Trujillo after the press conference at One Police Plaza in lower Manhattan. (Photo by Spencer Platt/Getty Images)
Trujillo and other advocates criticized Bratton's embrace of so-called "broken windows" policing -- the strategy of aggressively targeting low-level crimes as a means of deterring more serious crime. Critics at the protest pointed to academic research showing no link between "broken windows" policing and crime reduction. They also cited a recent report showing the stark racial disparities when it comes to low-level arrests in New York.
That report, released last week by the John Jay College of Criminal Justice in Manhattan, showed that the number of blacks arrested for misdemeanors rose to 104,659 in 2013, a jump of nearly 90 percent from the 56,152 blacks arrested for such crimes in 1990. Meanwhile, only about 29,000 whites were arrested for misdemeanors in 2013 -- a slight uptick from the 21,815 whites arrested in 1990.
"Broken windows" policing came under intense scrutiny after the choking death of Eric Garner in Staten Island this summer. Garner was being arrested for allegedly selling untaxed cigarettes when an officer put him in a chokehold, a maneuver banned under NYPD rules.
Ephraim Cruz, a retired NYPD officer, was one of the protesters outside One Police Plaza Wednesday. He said the department has "moved away from community policing where beat cops are interacting with the community," and toward a system where cops are preoccupied with petty crimes like subway dancing and possession of small amounts of marijuana.
"We cannot address crime by criminalizing New Yorkers," he said.

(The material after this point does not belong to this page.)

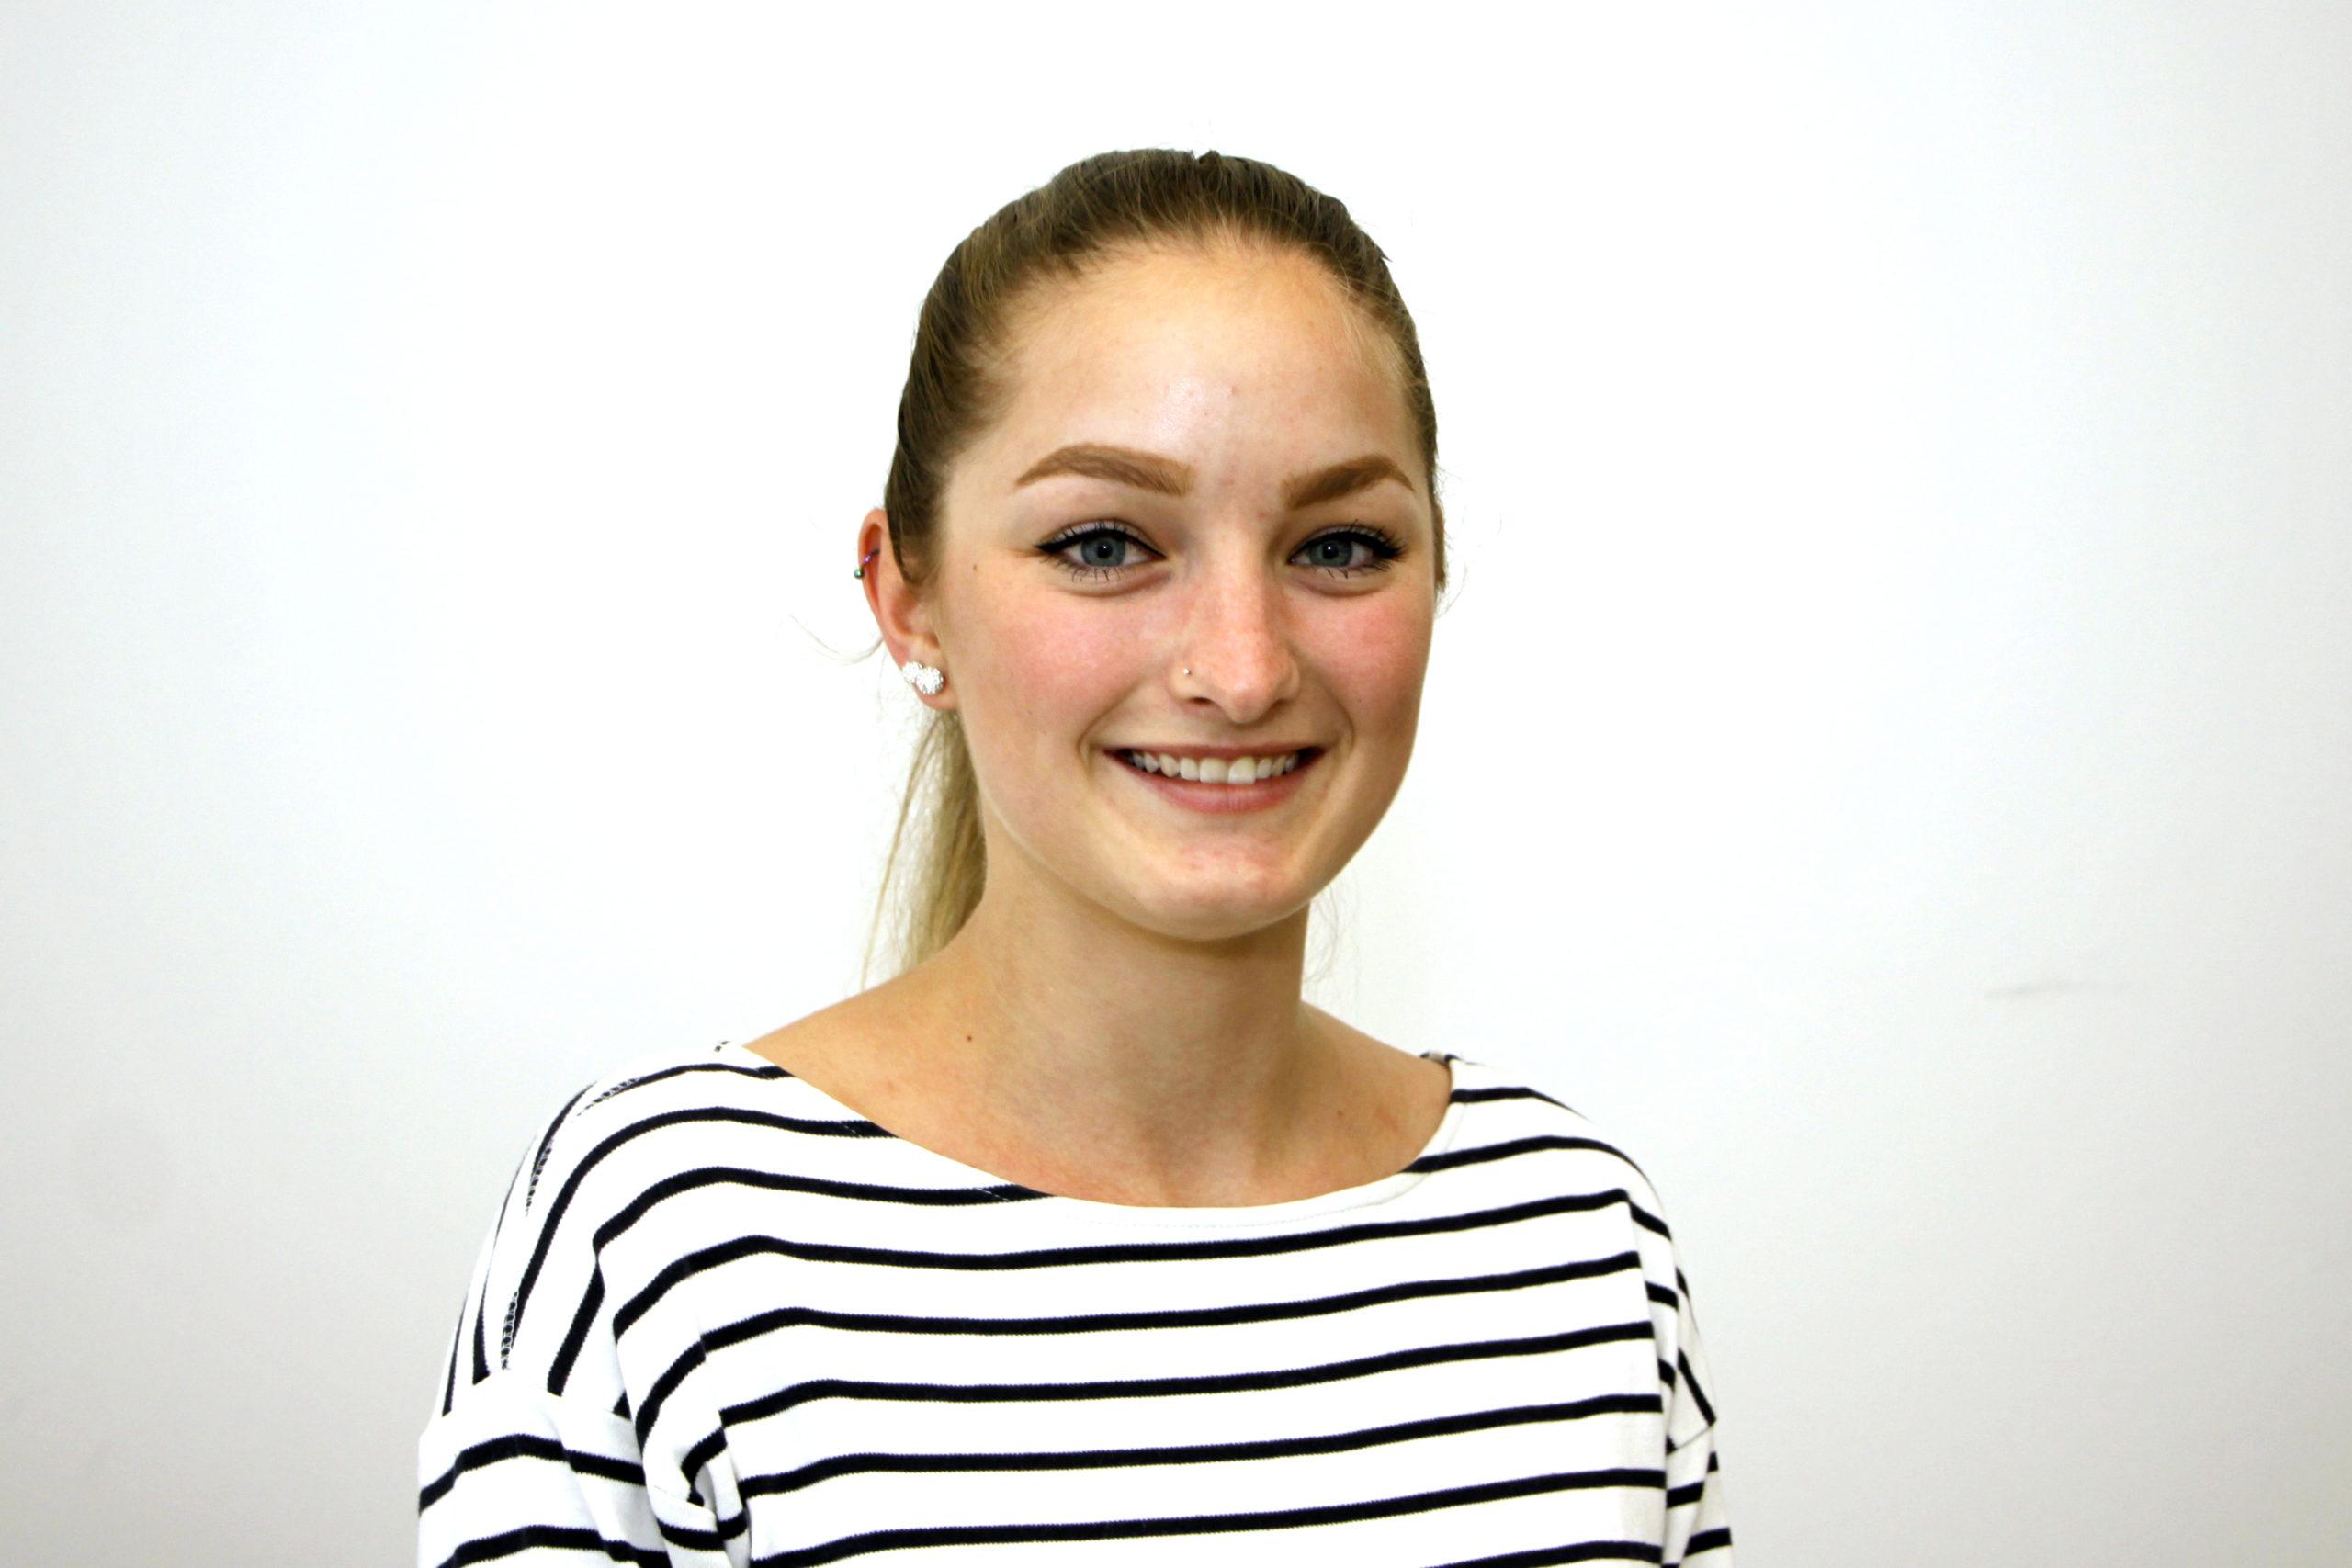 Pharmazeutisch-technischer Assistent Melanie Richter Serafina Cipriano

Cruz also said he's spoken to current police officers who are frustrated with the "broken windows" approach. Arresting people for petty crimes, he said, can needlessly escalate situations and put cops in danger.
Robert Gangi, director of an advocacy group called the Police Reform Organizing Project, said Wednesday that cops are only rewarded for ticketing and arresting people -- not for handing out warnings and admonitions.

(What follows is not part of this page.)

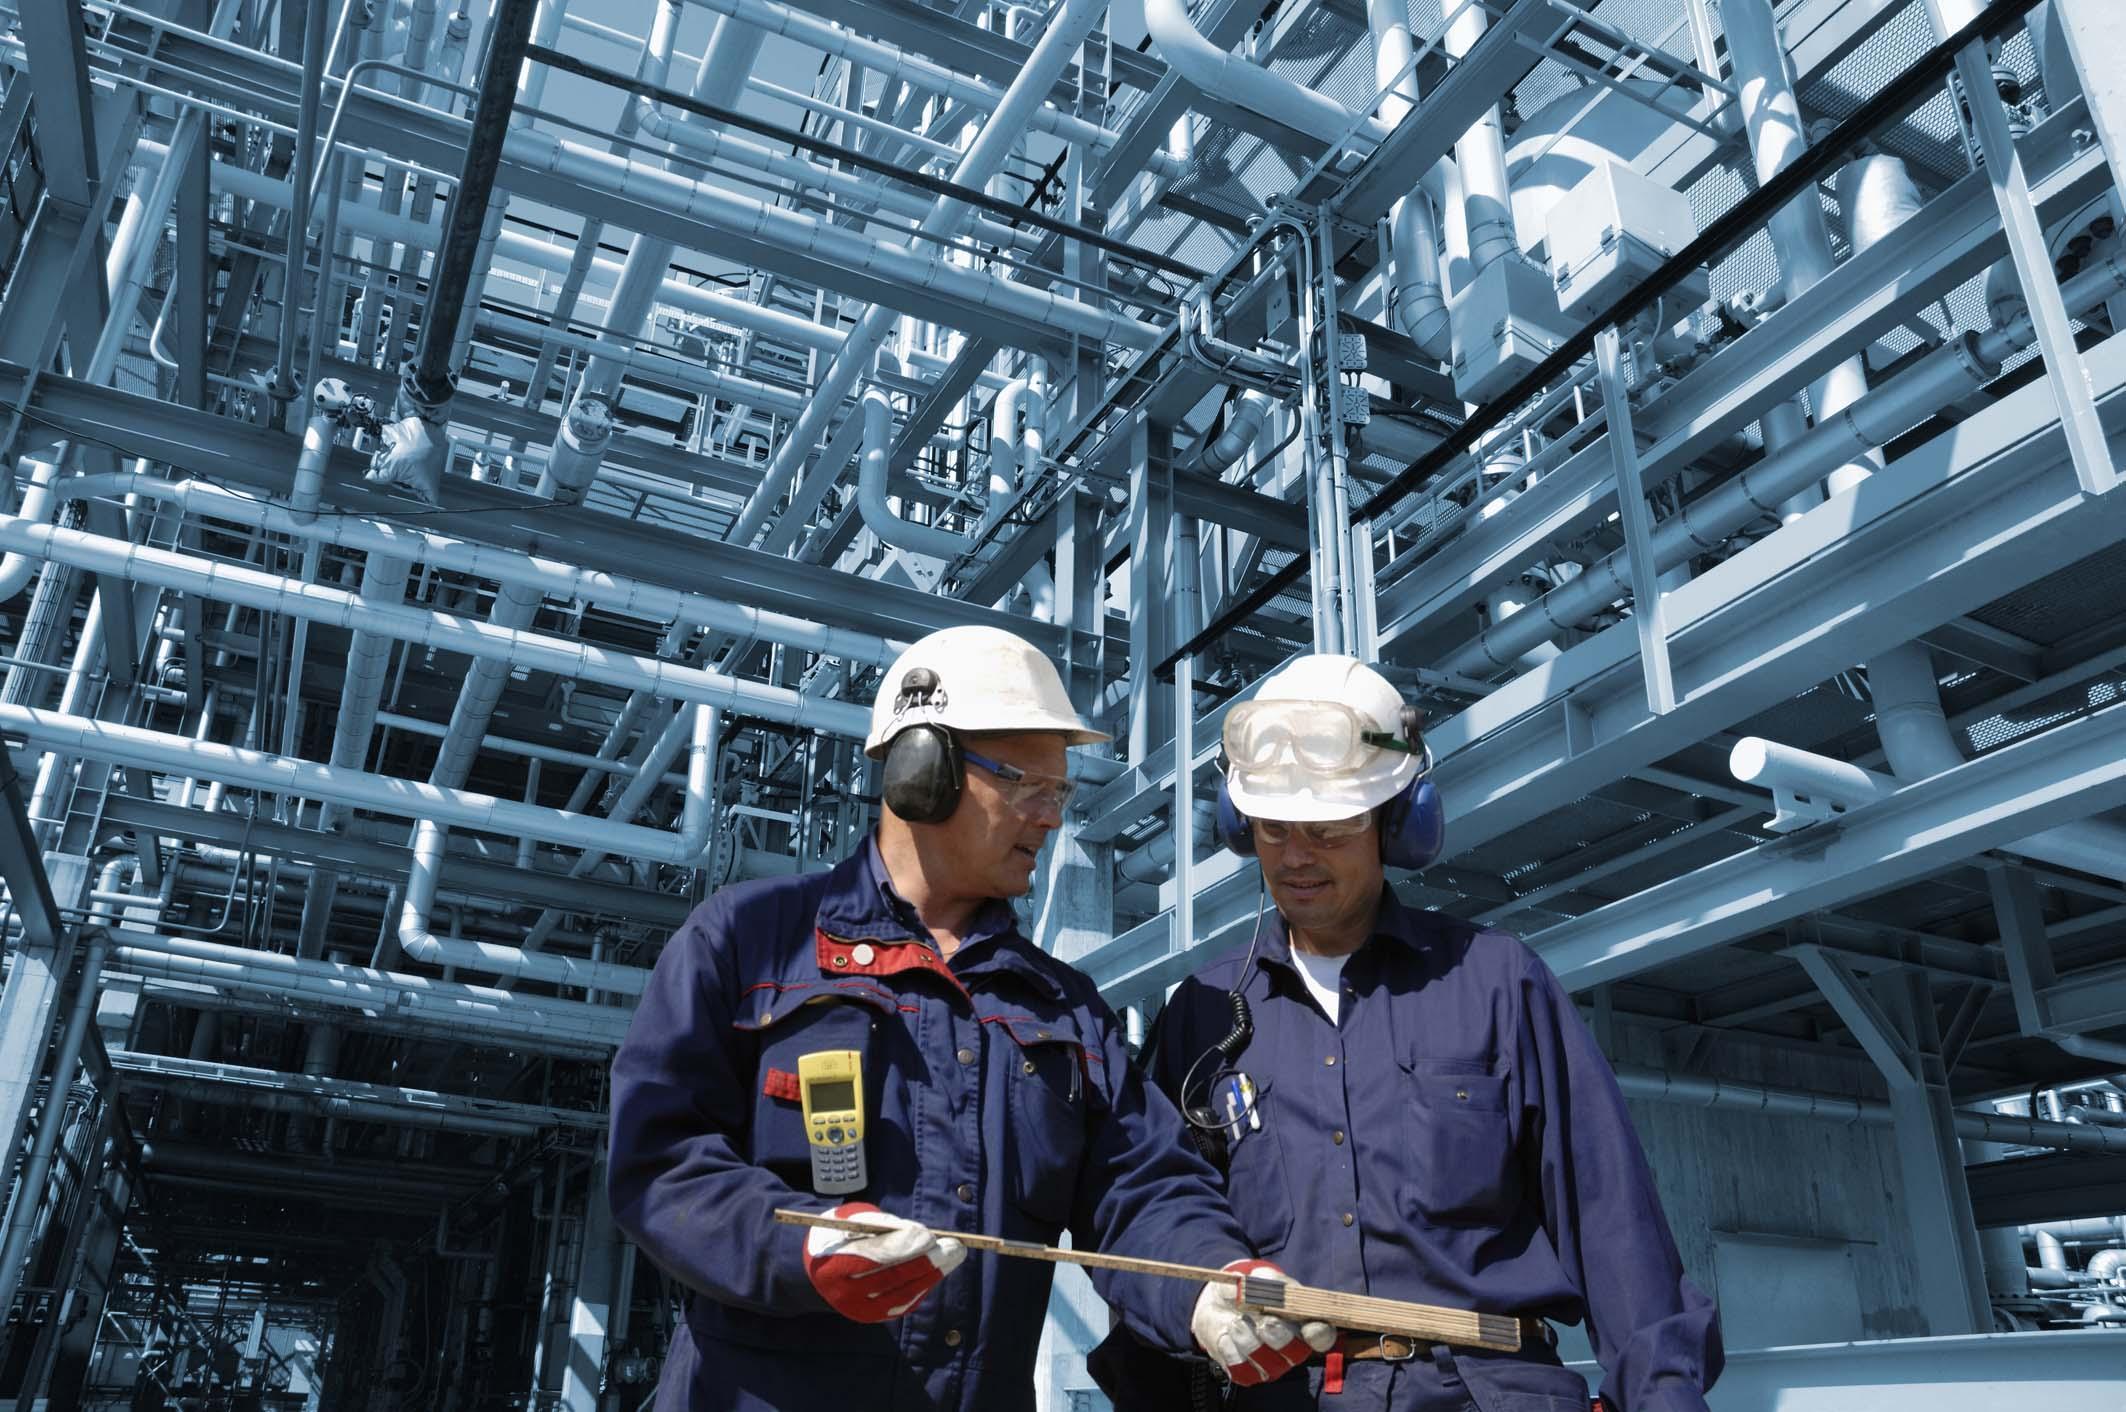 Comissionamento e Start-up de equipamentos industriais

Cops, he said, aren't responding to citizen complaints when they're making arrests. Rather, they're just trying to meet a quota. (The NYPD maintains that it does not use arrest quotas, which are illegal under state law, but Gangi's group claims the practice is ongoing.) Gangi said it's time for de Blasio to make some swift reforms to the NYPD.
"'Broken windows' policing is Bratton's brand," Gangi told reporters. "We don't expect him to change the way 'broken windows' policing is applied in New York City."

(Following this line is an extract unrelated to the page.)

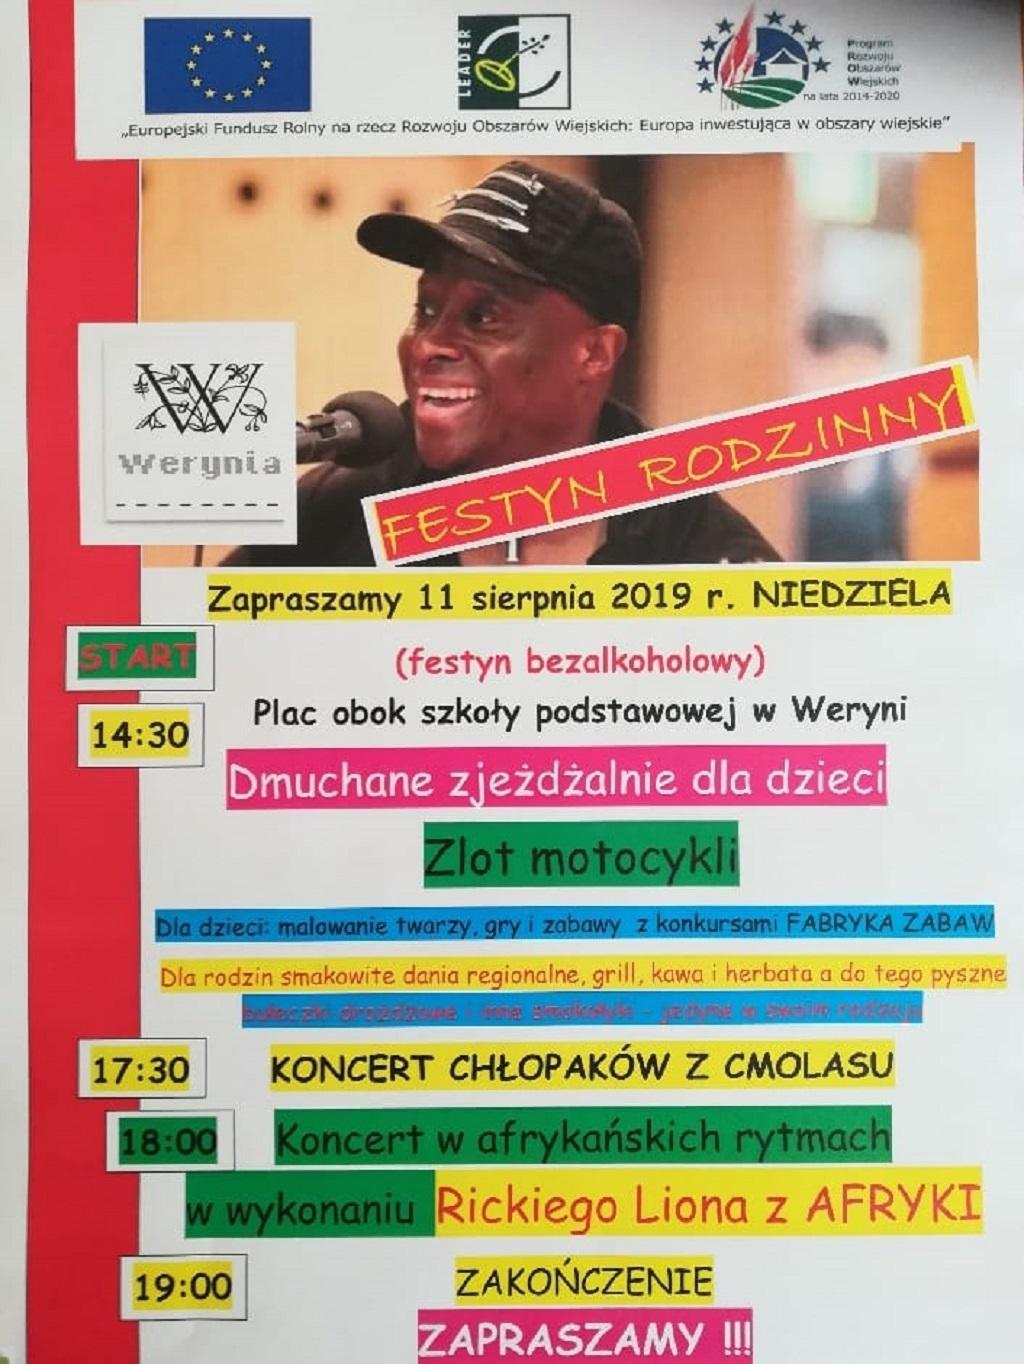 Koncert w afrykańskich rytmach w wykonaniu Rickiego Liona z Afryki, czyli festyn w Weryni  - Zdjęcie główne

"But de Blasio can," Gangi added. "And he should take that step."
Trujillo told reporters that "the mayor needs to take responsibility," warning that if de Blasio doesn't replace Bratton soon, New Yorkers Against Bratton could "quickly become New Yorkers Against de Blasio."
That de Blasio has failed on his promise to reform the NYPD is a view shared, somewhat unexpectedly, by former NYPD Commissioner Ray Kelly.
"There's been relabeling, but there really hasn't been significant change, even though that's not what you would have gotten from the mayoral campaign last year," Kelly said last week, according to Capital New York. As a candidate, de Blasio had promised that his NYPD would look very different from Kelly's.
The only activist Wednesday to express real disappointment over Banks' resignation was Dennis Flores, who runs the police watchdog group El Grito de Sunset Park. It was Banks who showed up at a Sunset Park town hall last month, an event organized by Flores after two viral videos showed incidents of alleged police brutality in the Brooklyn neighborhood.
Flores said that Banks promised him the officers involved in those incidents would be held accountable. But now, he said, those promises mean nothing.
"The man who heard our concerns is gone," said Flores.